36The Respondent relies on an IE conducted by Dr. Gordon (physiatry) on June 1, 2023, and Dr. Syed (psychologist), on July 31, 2024 and an in-home occupational therapy assessment by Mr. Atul A. Kaul (occupational therapist), on May 11, 2023.The Respondent notes that both doctors concluded that the Applicant did not satisfy the test demonstrating entitlement to NEBs.
37Further, in the in-home occupational therapy assessment, the applicant reported that his status in regard to his abilities remain as they were prior to the motor vehicle accident of January 28, 2023.
38As the Applicant has not provided evidence or submissions that allow me to conduct the necessary analysis to establish if they are entitled to NEB, I find that they have not met their onus.
39Therefore, I find on a balance of probabilities that the Applicant is not entitled to NEB.
Interest
40As no treatment is payable, pursuant to s. 51 of the Schedule, no interest applies.
Award
41I find no award is owing.
42The applicant sought an award under s. 10 of Reg. 664. They submitted that the Respondent's actions in delaying or withholding payments were unjustified, causing unnecessary financial hardship to the Applicant. Further, that the insurer is expected to handle claims in good faith and provide timely compensation when benefits are due. By failing to do so, the Respondent has not only breached its statutory duty but has also acted contrary to the consumer protection principles underlying Ontario’s accident benefits scheme. The Applicant submits they are therefore entitled to a special award to penalize the Respondent's conduct and ensure compliance with fair claims-handling practices.

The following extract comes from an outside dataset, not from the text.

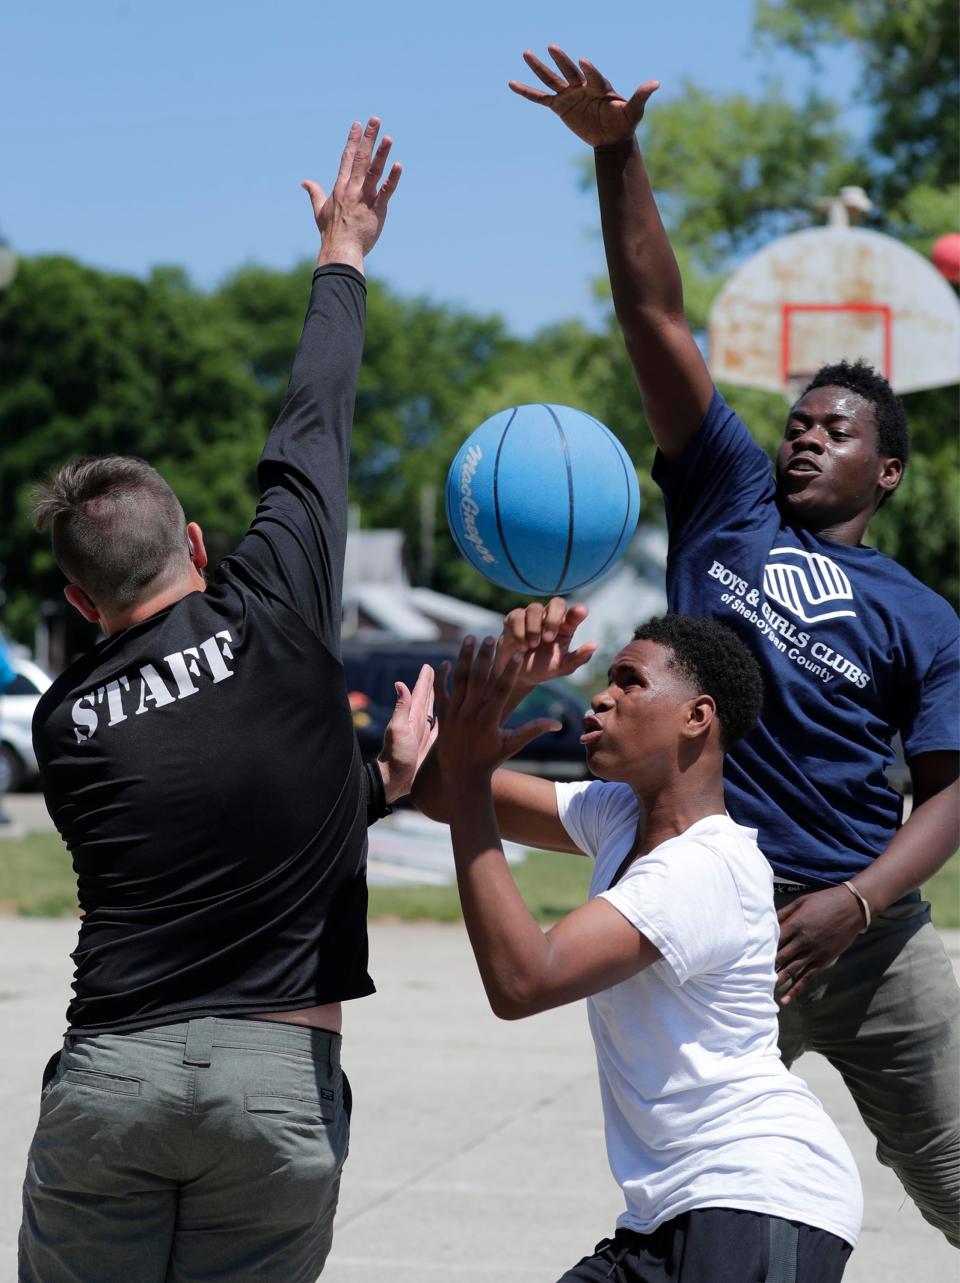 Boys and Girls Club's Andrew Jakus, left, tries to block Travionte Coleman, 14, of Milwaukee, make a shot by Jalen Robinson, of Sheboygan, Saturday, June 19, 2021.

43The Applicant did not point me to evidence to establish the Respondent’s unreasonable withholding or delaying of benefits in their written submissions.
44The Respondent submits that the Applicant is not entitled to a special award. Further, that the Applicant failed to produce particulars of the log notes, medical documentation and other production requests, as ordered in the case conference report and order. Further, that it promptly scheduled multiple examinations to medically assess the file.
45The Respondent relies on J. G. v Travelers Canada, 2018 CanLII 76431 (ON LAT), which held that, "unreasonable withholding or delaying of benefits is “behavior by an insurer which was excessive, imprudent, stubborn, unyielding or immoderate, in withholding or delaying payments.” An award is not punishment because of differing view of the file.
46I do not find the Applicant has pointed me to evidence which would establish the Respondent’s unreasonable withholding or delaying of payments, nor of their excessive, imprudent, stubborn, unyielding or immoderate behaviour.
47Therefore, no award is owing,
ORDER
48I find that the Applicant is not removed from the MIG.
49I find that the Applicant is not entitled to NEB.
50I find that the Applicant is not entitled to the plans in dispute as they have not been removed from the MIG.
51I find that the Applicant is not entitled to interest.
52I find that the Applicant is not entitled to an award.